Recommendations of the Practice Advisory for Intraoperative Awareness and Brain Function Monitoring (Apfclbaum JL et al, 2006)10

Preoperative evaluation
  • Review patient medical records for risk factors like:

    –Substance abuse or use

    –Previous history of intraoperative awareness

    –History of difficult intubation

    –Chronic pain patients using high doses of opioids

    –ASA IV/V

    –Limited haemodynamic reserve

  • Interview patient

    –Obtain history regarding previous experience with anaesthetics

  • Determine other potential risk factors

    –Cardiac surgery

    –Caesarean section

    –Trauma surgery

    –Emergency surgery

    –Decreased anaesthetic doses in the presence of paralysis

    –Planned use of muscle relaxants during general anaesthesia

    –Planned use of nitrous oxide- opioid anaesthesia

  • Patients at high risk should be informed of the possibility of intraoperative awareness when circumstances permit.

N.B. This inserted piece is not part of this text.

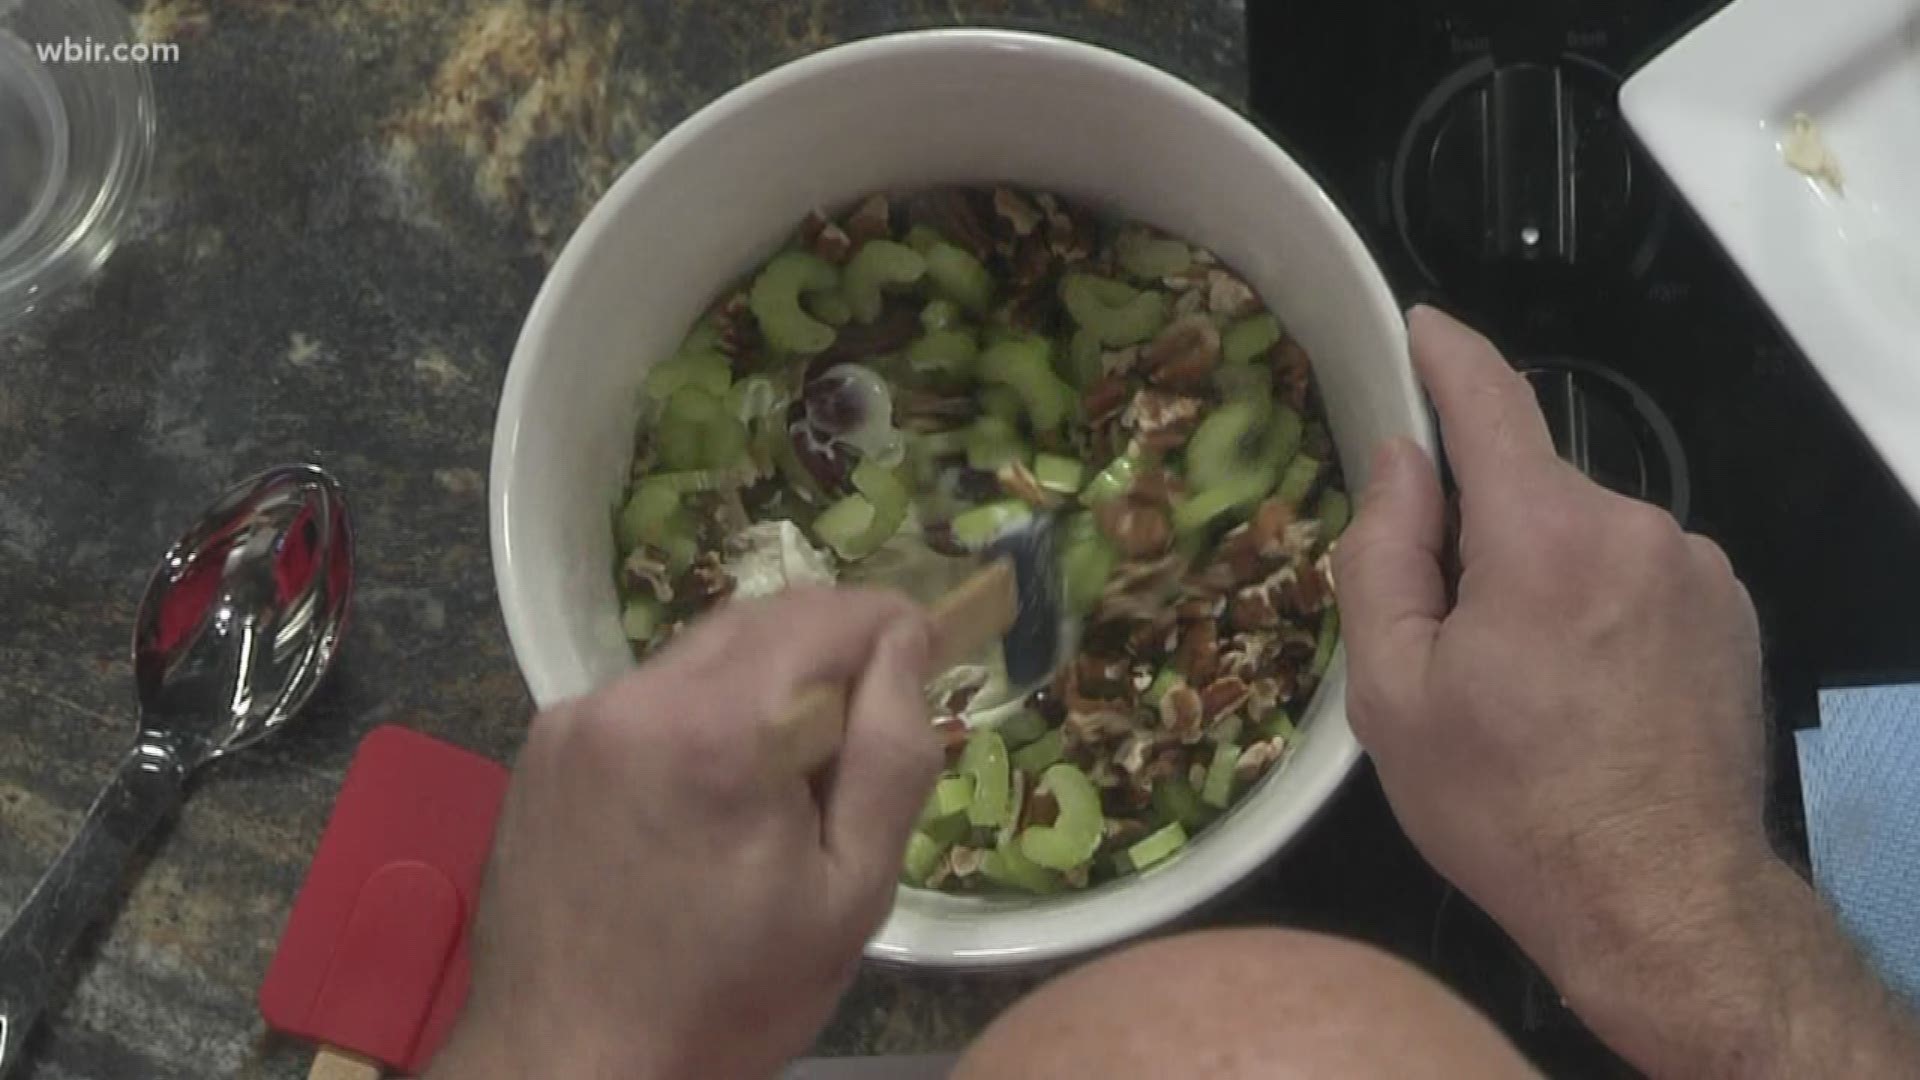 Chicken tenders, celery, grapes and pecans give this chicken salad recipe its flavor.
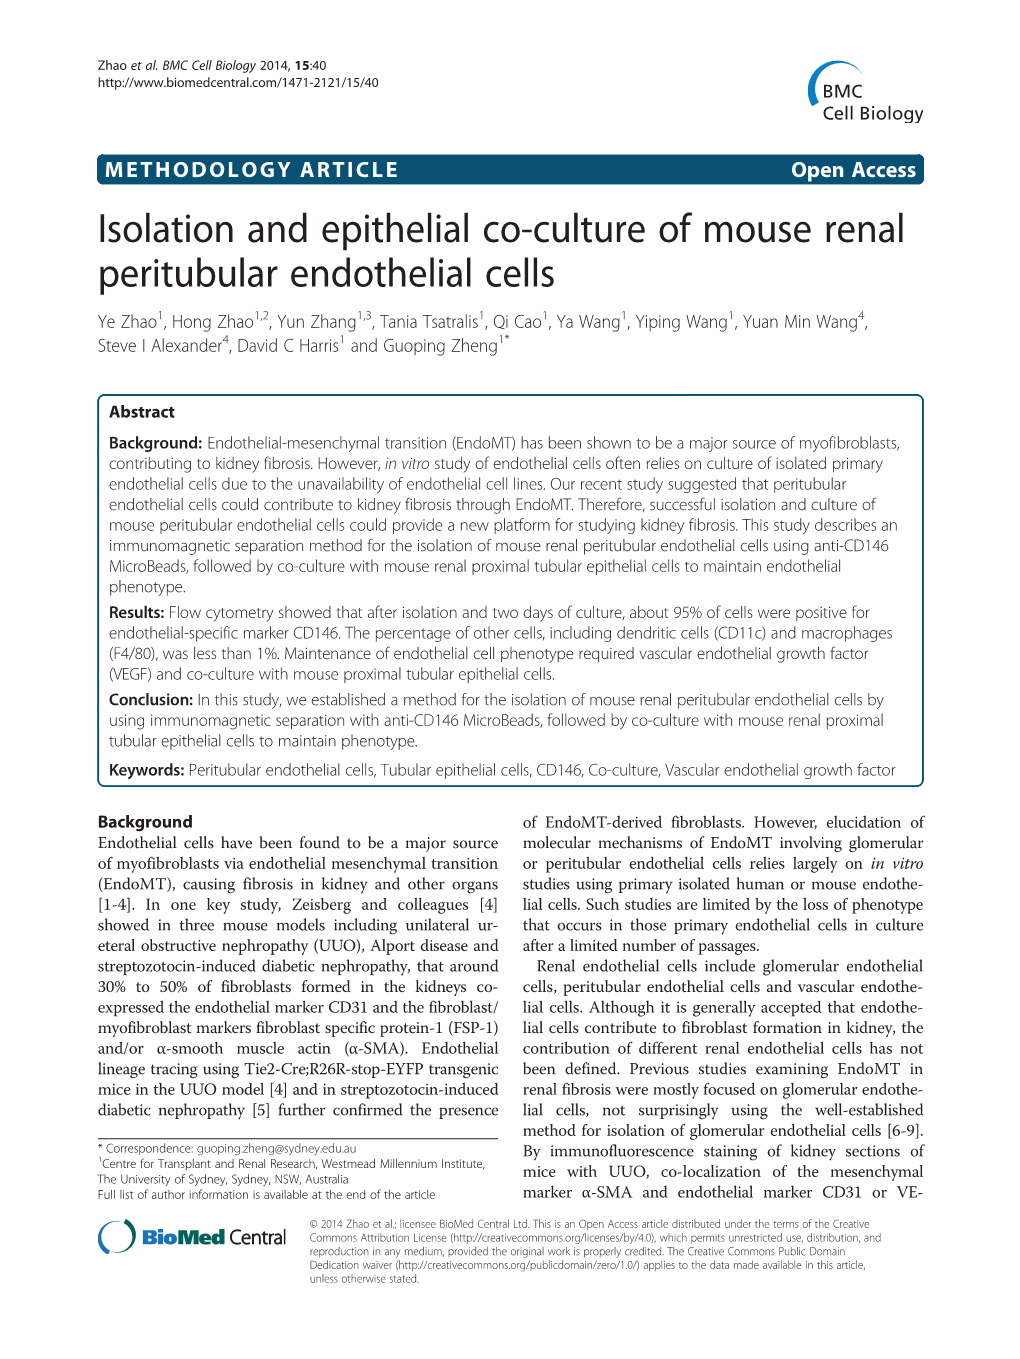 Isolation and Epithelial Co-Culture of Mouse Renal Peritubular Endothelial

Pre-induction phase of anaesthesia
  • Adhere to checklist protocol for checking of anaesthesia machine and equipment

  • Check proper functioning of intravenous access, infusion pumps, connections and backflow valves.

  • Decision to administer benzodiazepines prophylactically should be made on a case to case basis.

  • Intra-operative monitoring

  • Use multiple modalities to monitor depth of anaesthesia

    – Clinical techniques (e.g. purposeful or reflex movement)

    – Conventional monitoring systems (e.g. ECG, BP, EtCO2 etc.)

    – Brain function monitoring not routinely indicated for all general anaesthesia cases and should be used for

    selected patients (e.g. light anaesthesia)

Postoperative Management
  • Interview patient following the adverse event and offer counselling/ psychological support.

  • Initiate occurrence report for quality management.